[Start of section]
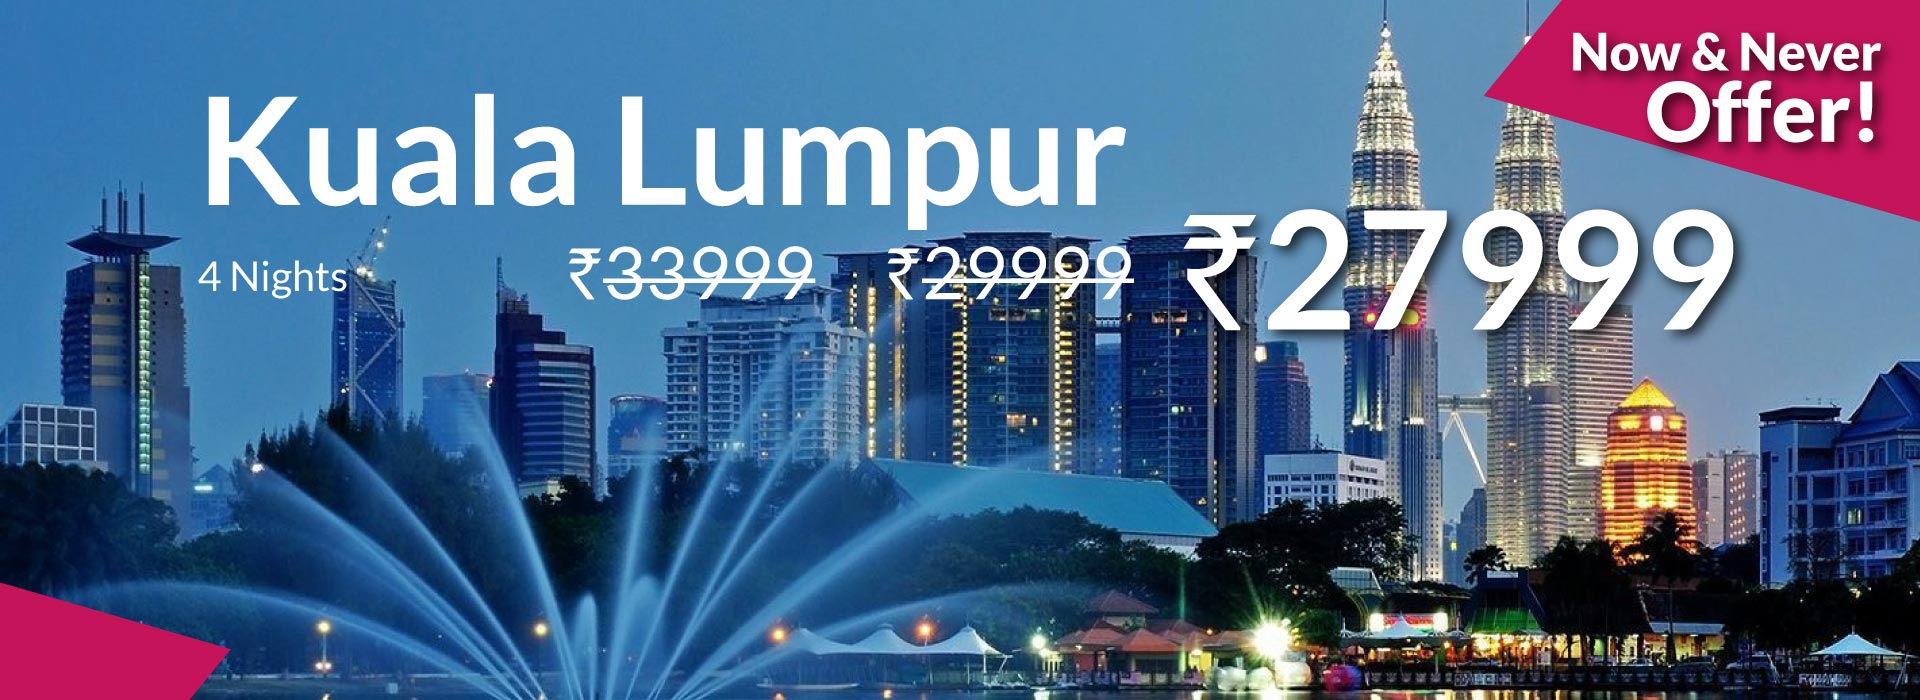 Kuala Lumpur All inclusive Holiday Deal Package on Dpauls.com
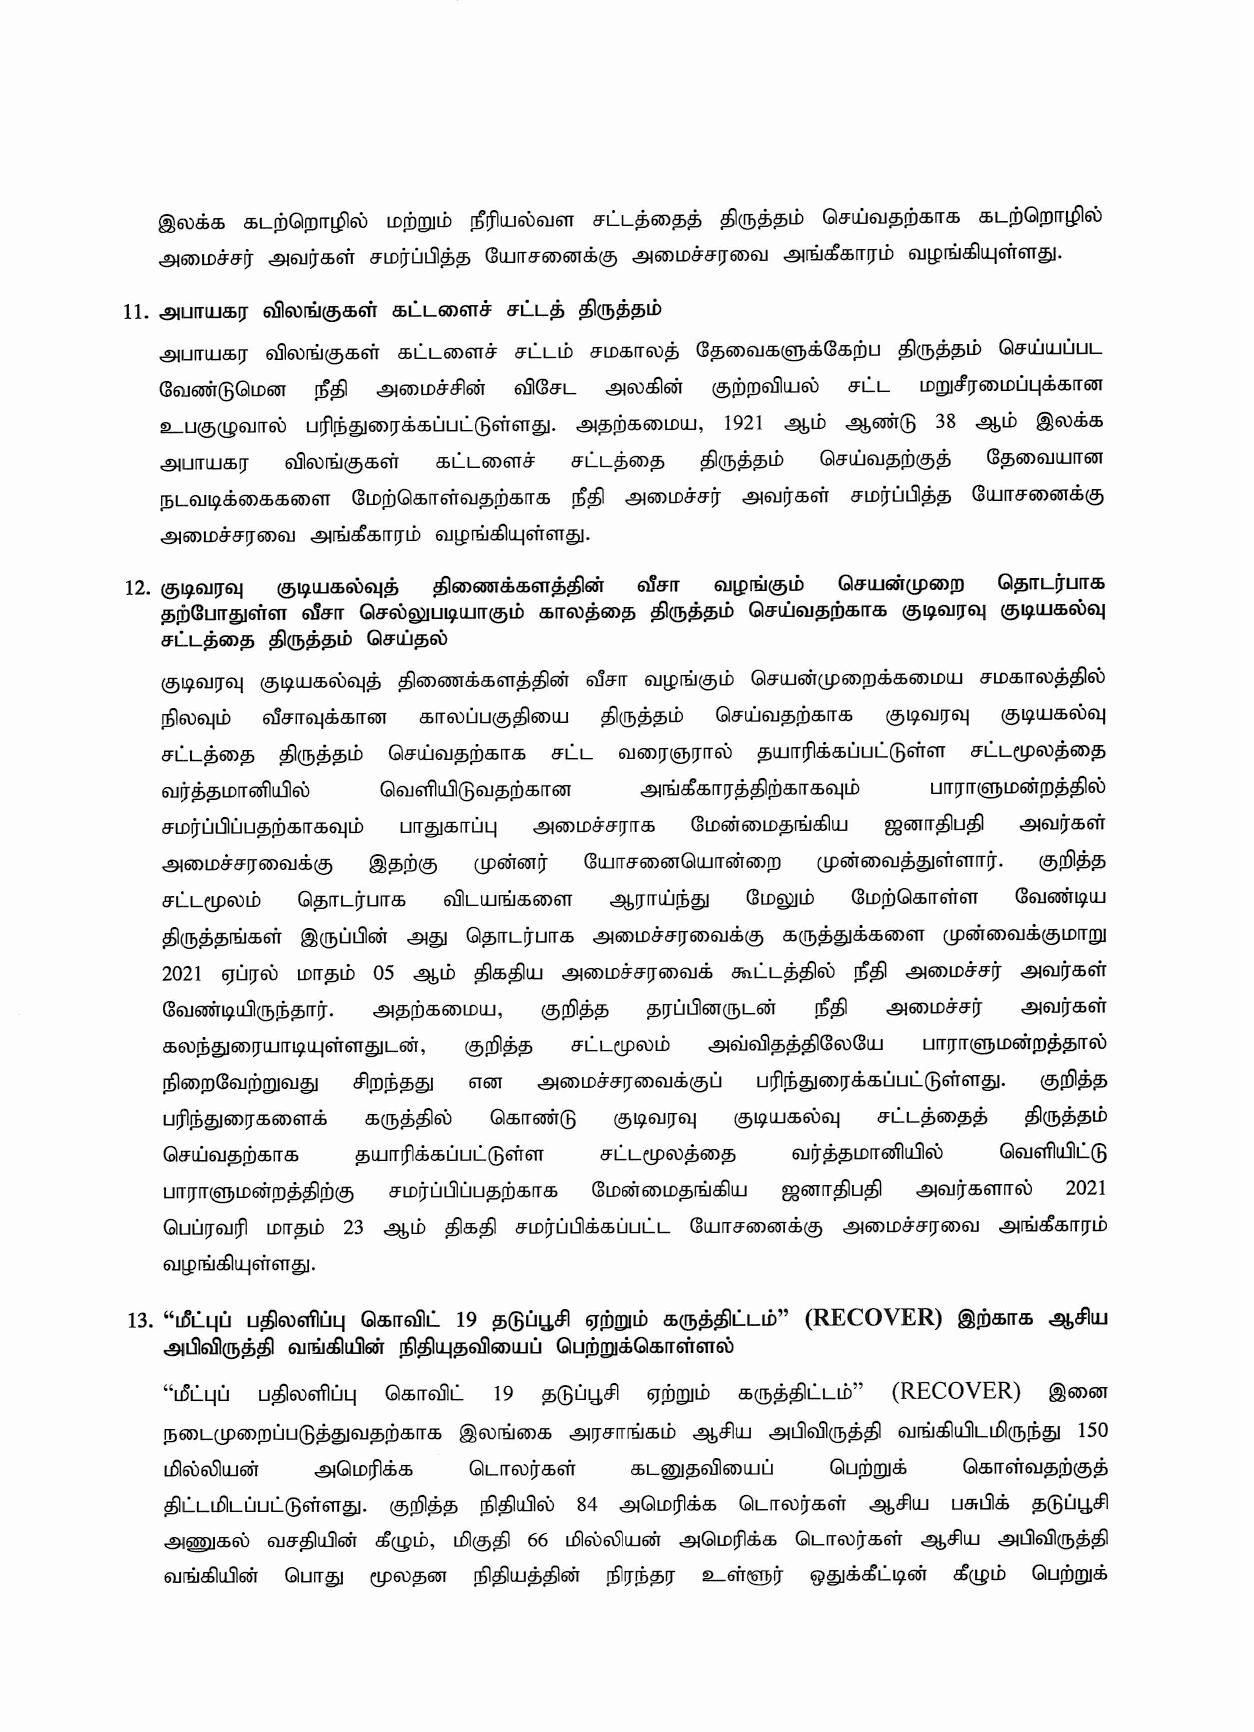 Cabinet Decision on 28.06.2021 Tamil page 006
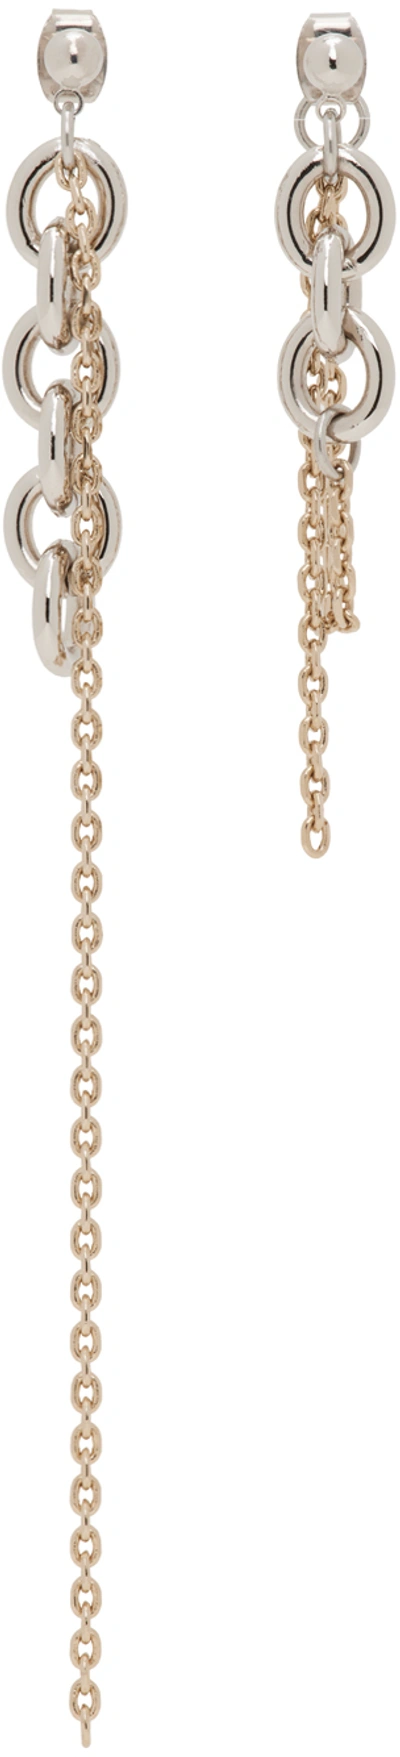 Justine Clenquet Silver & Gold Dana Earrings In Silver Gold
[End of section]
* **Work task**:
Print exactly, and only, the lines from the line containing "Cabinet Decision on" to the last line of the material above, with every picture left out.

* **Task result**:
 Cabinet Decision on 28.06.2021 Tamil page 006
 Justine Clenquet Silver & Gold Dana Earrings In Silver Gold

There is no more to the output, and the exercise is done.